Task objective: The reader should set down exactly the lines from the one containing "BF38 Ensemble de" through the last line of the material, omitting every picture.
[Data provided]
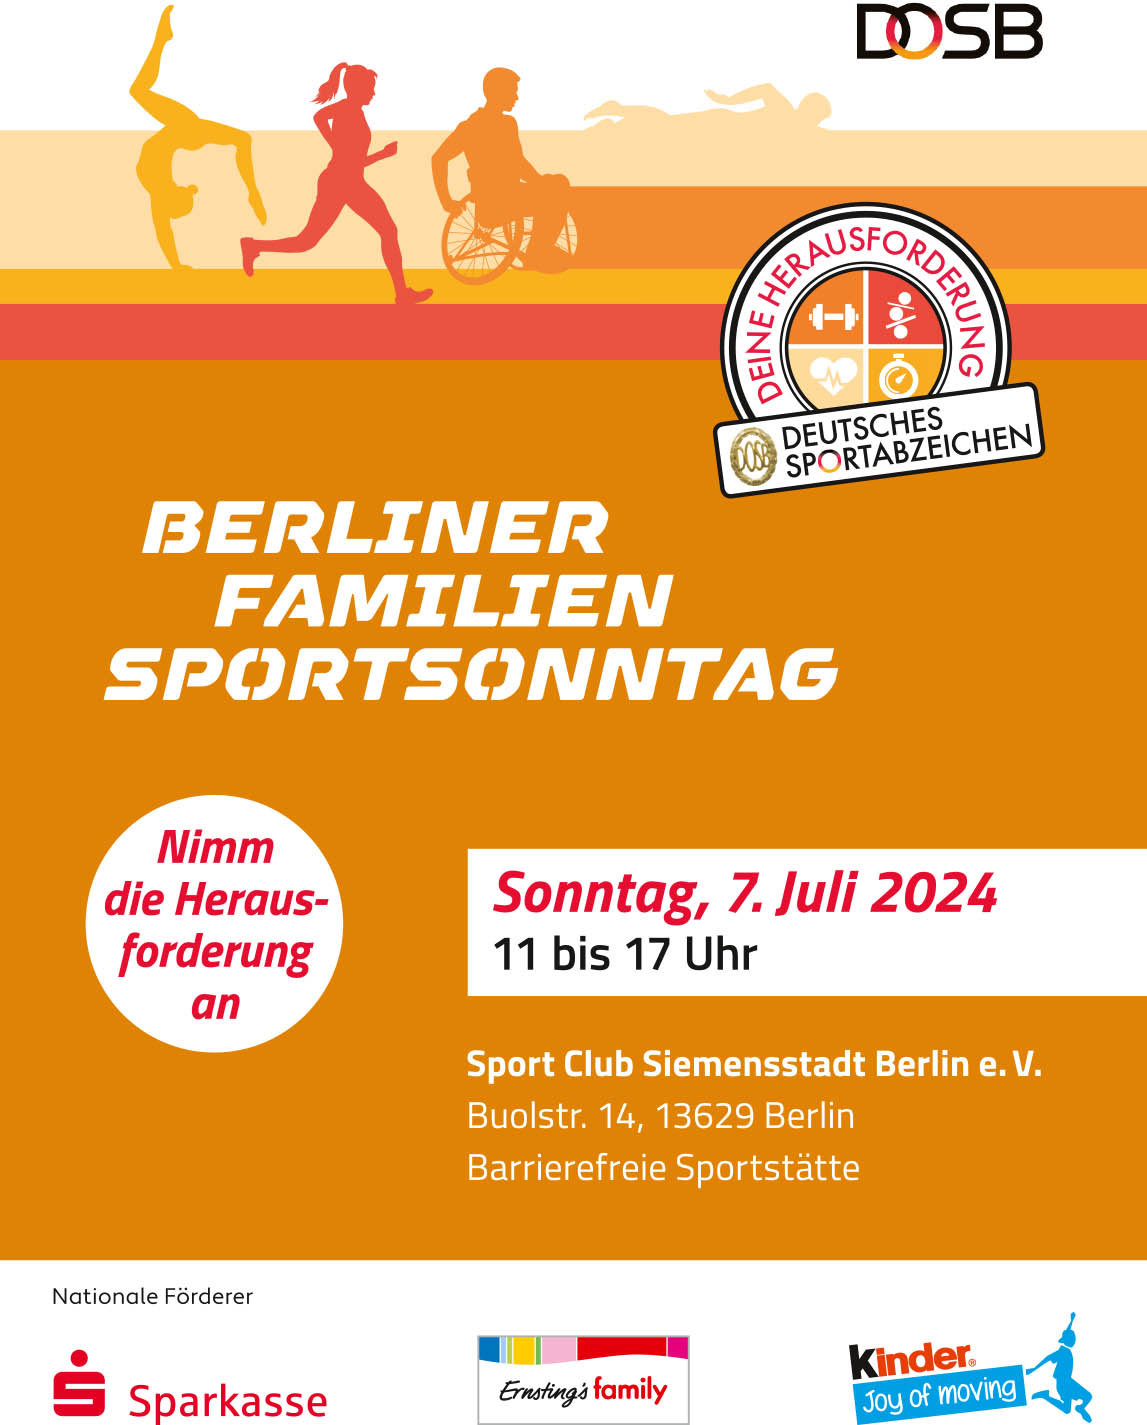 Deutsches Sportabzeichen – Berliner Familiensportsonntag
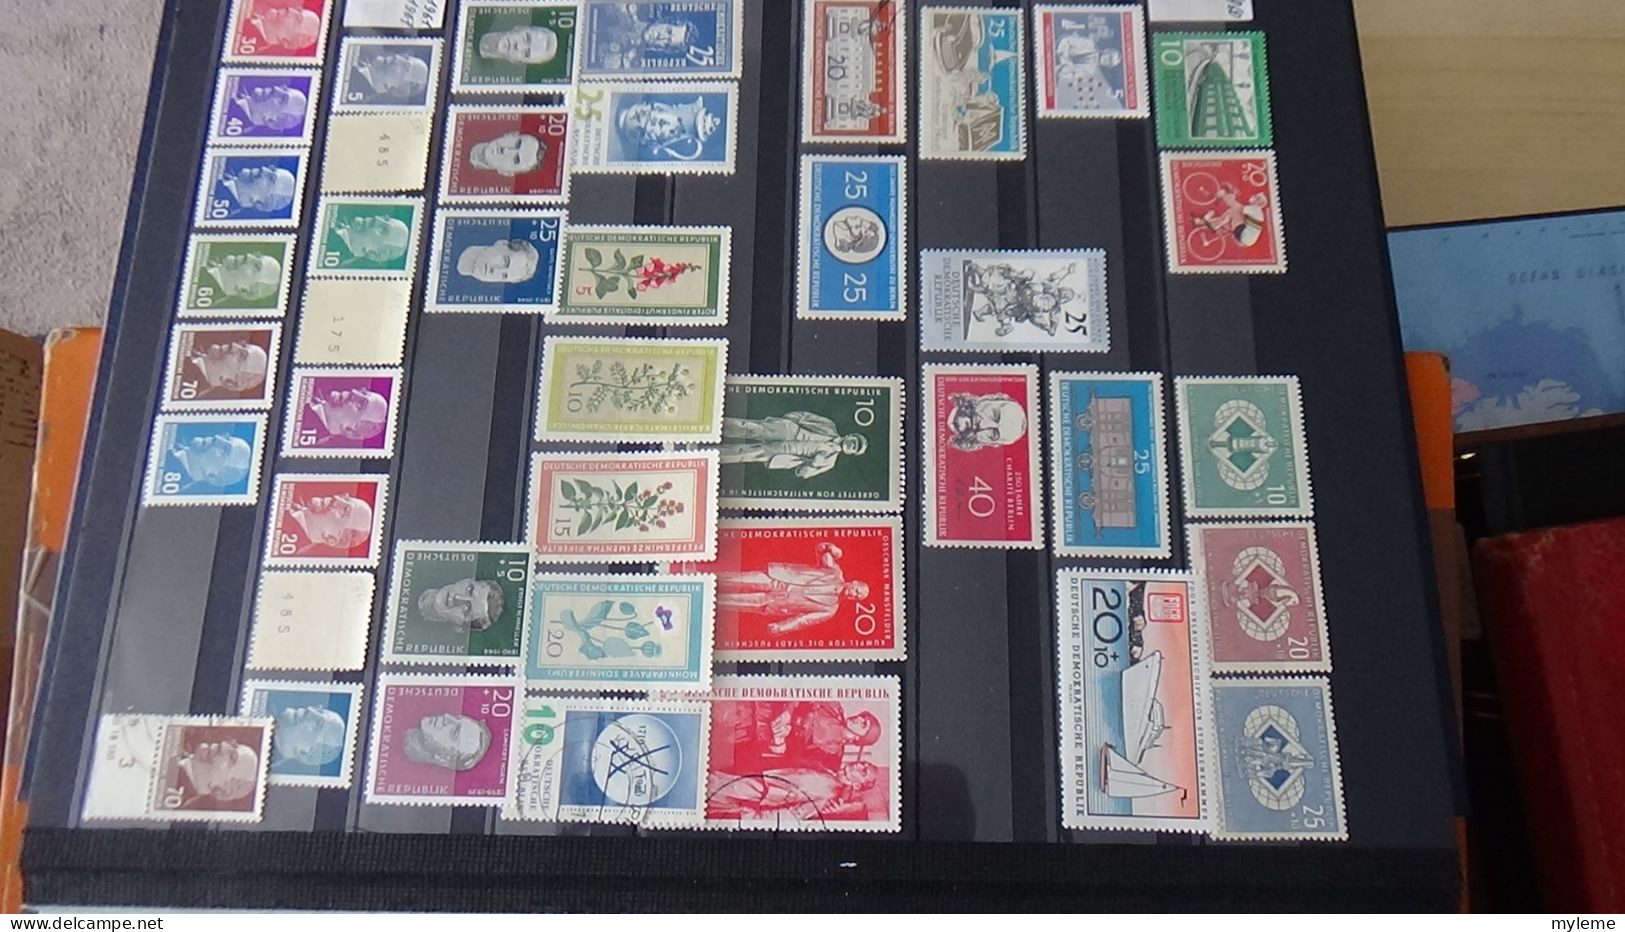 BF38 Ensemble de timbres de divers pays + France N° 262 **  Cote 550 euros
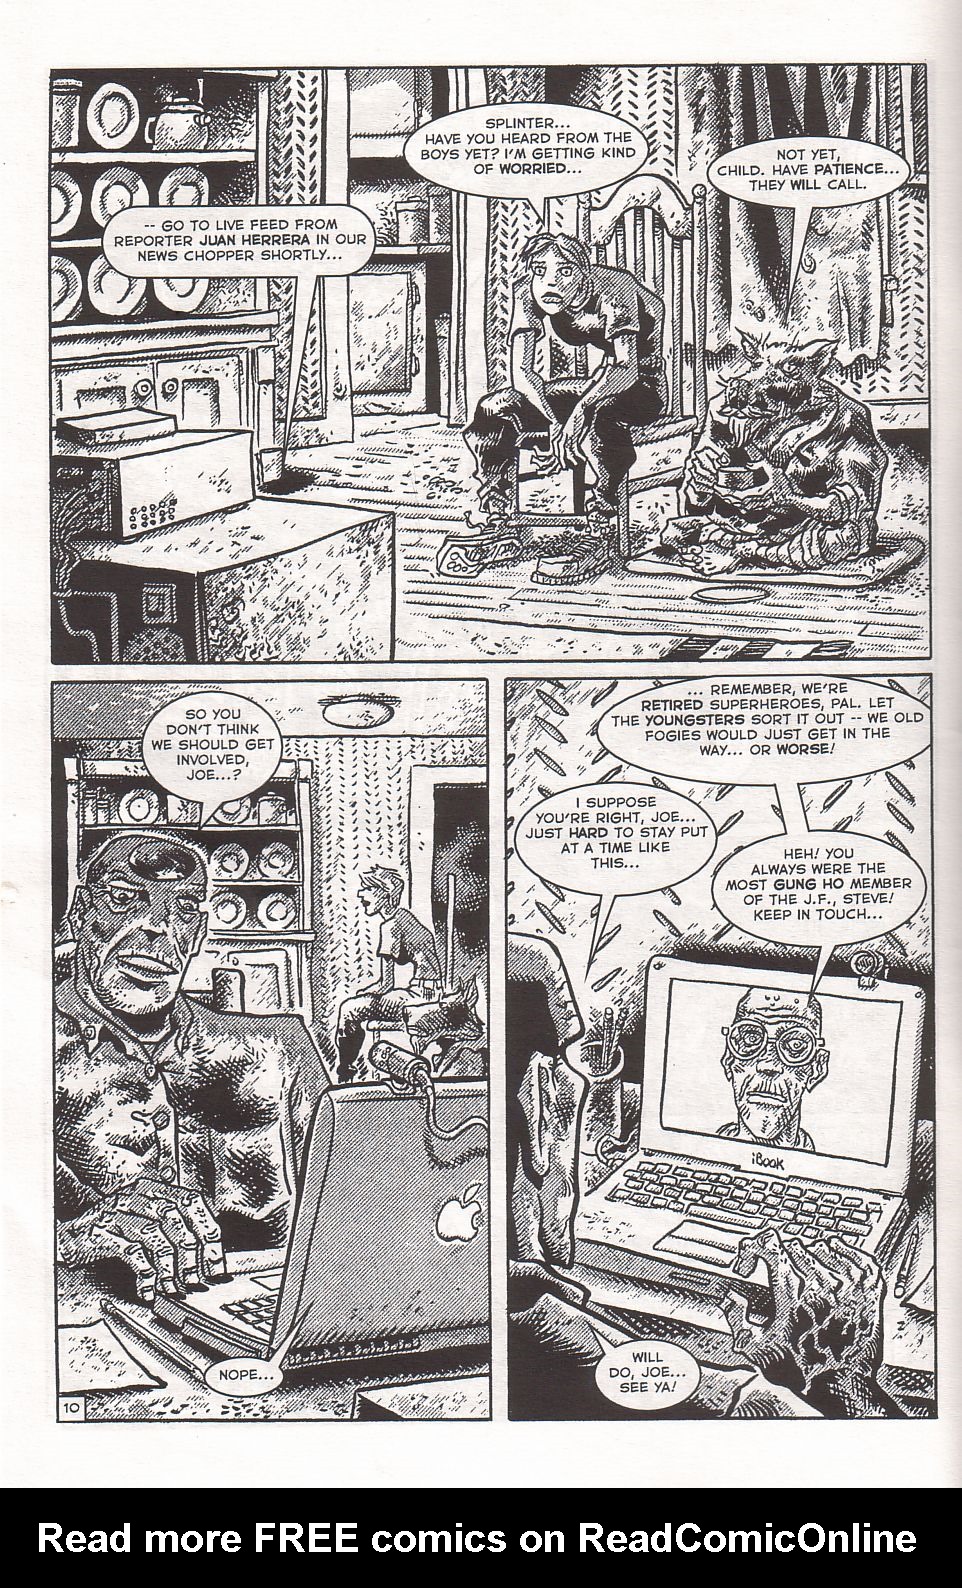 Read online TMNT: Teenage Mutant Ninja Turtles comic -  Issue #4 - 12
[/Data provided]
Answer:
 BF38 Ensemble de timbres de divers pays + France N° 262 **  Cote 550 euros
 Read online TMNT: Teenage Mutant Ninja Turtles comic -  Issue #4 - 12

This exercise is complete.